> **What needs to be done**
Repeat every line that appears below, with nothing altered.
------ Data records ------
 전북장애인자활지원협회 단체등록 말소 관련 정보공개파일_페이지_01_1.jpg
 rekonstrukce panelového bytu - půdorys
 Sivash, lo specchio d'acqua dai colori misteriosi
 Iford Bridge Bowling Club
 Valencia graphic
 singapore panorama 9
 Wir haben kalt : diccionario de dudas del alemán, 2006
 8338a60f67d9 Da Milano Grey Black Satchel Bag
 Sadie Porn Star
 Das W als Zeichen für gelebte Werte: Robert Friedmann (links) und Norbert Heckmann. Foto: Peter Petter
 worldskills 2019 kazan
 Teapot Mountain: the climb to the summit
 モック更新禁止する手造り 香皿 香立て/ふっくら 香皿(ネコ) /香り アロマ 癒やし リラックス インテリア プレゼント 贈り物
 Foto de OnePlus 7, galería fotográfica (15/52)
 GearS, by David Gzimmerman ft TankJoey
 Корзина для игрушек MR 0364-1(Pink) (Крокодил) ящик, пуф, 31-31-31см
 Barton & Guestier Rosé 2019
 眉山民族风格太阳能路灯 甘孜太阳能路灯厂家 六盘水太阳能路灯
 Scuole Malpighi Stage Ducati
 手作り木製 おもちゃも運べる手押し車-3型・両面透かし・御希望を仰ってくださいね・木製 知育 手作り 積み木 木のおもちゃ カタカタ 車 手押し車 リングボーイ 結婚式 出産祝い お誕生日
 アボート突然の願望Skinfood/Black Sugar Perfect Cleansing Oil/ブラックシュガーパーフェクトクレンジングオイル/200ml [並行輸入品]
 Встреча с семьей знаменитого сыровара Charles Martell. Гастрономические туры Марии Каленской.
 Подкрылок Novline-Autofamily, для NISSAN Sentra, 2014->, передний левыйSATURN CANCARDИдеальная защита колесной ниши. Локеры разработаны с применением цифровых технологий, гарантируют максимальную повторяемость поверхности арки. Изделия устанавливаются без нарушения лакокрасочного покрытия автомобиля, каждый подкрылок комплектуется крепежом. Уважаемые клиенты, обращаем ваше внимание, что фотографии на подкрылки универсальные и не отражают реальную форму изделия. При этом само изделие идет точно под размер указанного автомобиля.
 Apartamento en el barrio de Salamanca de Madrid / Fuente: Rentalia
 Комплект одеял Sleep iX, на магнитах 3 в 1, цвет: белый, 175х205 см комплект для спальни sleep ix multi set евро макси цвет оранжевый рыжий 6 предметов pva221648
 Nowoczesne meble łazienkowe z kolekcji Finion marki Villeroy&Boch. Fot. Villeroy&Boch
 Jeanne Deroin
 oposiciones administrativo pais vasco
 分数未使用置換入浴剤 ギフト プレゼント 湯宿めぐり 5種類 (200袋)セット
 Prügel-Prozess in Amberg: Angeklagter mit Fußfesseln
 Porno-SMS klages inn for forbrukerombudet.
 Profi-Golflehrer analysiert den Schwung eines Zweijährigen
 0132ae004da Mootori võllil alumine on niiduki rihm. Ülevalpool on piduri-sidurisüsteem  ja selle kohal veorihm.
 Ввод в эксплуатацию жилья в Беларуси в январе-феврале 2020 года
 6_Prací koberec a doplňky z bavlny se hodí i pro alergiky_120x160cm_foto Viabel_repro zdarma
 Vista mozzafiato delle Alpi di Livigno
------
> **Response box**
 전북장애인자활지원협회 단체등록 말소 관련 정보공개파일_페이지_01_1.jpg
 rekonstrukce panelového bytu - půdorys
 Sivash, lo specchio d'acqua dai colori misteriosi
 Iford Bridge Bowling Club
 Valencia graphic
 singapore panorama 9
 Wir haben kalt : diccionario de dudas del alemán, 2006
 8338a60f67d9 Da Milano Grey Black Satchel Bag
 Sadie Porn Star
 Das W als Zeichen für gelebte Werte: Robert Friedmann (links) und Norbert Heckmann. Foto: Peter Petter
 worldskills 2019 kazan
 Teapot Mountain: the climb to the summit
 モック更新禁止する手造り 香皿 香立て/ふっくら 香皿(ネコ) /香り アロマ 癒やし リラックス インテリア プレゼント 贈り物
 Foto de OnePlus 7, galería fotográfica (15/52)
 GearS, by David Gzimmerman ft TankJoey
 Корзина для игрушек MR 0364-1(Pink) (Крокодил) ящик, пуф, 31-31-31см
 Barton & Guestier Rosé 2019
 眉山民族风格太阳能路灯 甘孜太阳能路灯厂家 六盘水太阳能路灯
 Scuole Malpighi Stage Ducati
 手作り木製 おもちゃも運べる手押し車-3型・両面透かし・御希望を仰ってくださいね・木製 知育 手作り 積み木 木のおもちゃ カタカタ 車 手押し車 リングボーイ 結婚式 出産祝い お誕生日
 アボート突然の願望Skinfood/Black Sugar Perfect Cleansing Oil/ブラックシュガーパーフェクトクレンジングオイル/200ml [並行輸入品]
 Встреча с семьей знаменитого сыровара Charles Martell. Гастрономические туры Марии Каленской.
 Подкрылок Novline-Autofamily, для NISSAN Sentra, 2014->, передний левыйSATURN CANCARDИдеальная защита колесной ниши. Локеры разработаны с применением цифровых технологий, гарантируют максимальную повторяемость поверхности арки. Изделия устанавливаются без нарушения лакокрасочного покрытия автомобиля, каждый подкрылок комплектуется крепежом. Уважаемые клиенты, обращаем ваше внимание, что фотографии на подкрылки универсальные и не отражают реальную форму изделия. При этом само изделие идет точно под размер указанного автомобиля.
 Apartamento en el barrio de Salamanca de Madrid / Fuente: Rentalia
 Комплект одеял Sleep iX, на магнитах 3 в 1, цвет: белый, 175х205 см комплект для спальни sleep ix multi set евро макси цвет оранжевый рыжий 6 предметов pva221648
 Nowoczesne meble łazienkowe z kolekcji Finion marki Villeroy&Boch. Fot. Villeroy&Boch
 Jeanne Deroin
 oposiciones administrativo pais vasco
 分数未使用置換入浴剤 ギフト プレゼント 湯宿めぐり 5種類 (200袋)セット
 Prügel-Prozess in Amberg: Angeklagter mit Fußfesseln
 Porno-SMS klages inn for forbrukerombudet.
 Profi-Golflehrer analysiert den Schwung eines Zweijährigen
 0132ae004da Mootori võllil alumine on niiduki rihm. Ülevalpool on piduri-sidurisüsteem  ja selle kohal veorihm.
 Ввод в эксплуатацию жилья в Беларуси в январе-феврале 2020 года
 6_Prací koberec a doplňky z bavlny se hodí i pro alergiky_120x160cm_foto Viabel_repro zdarma
 Vista mozzafiato delle Alpi di Livigno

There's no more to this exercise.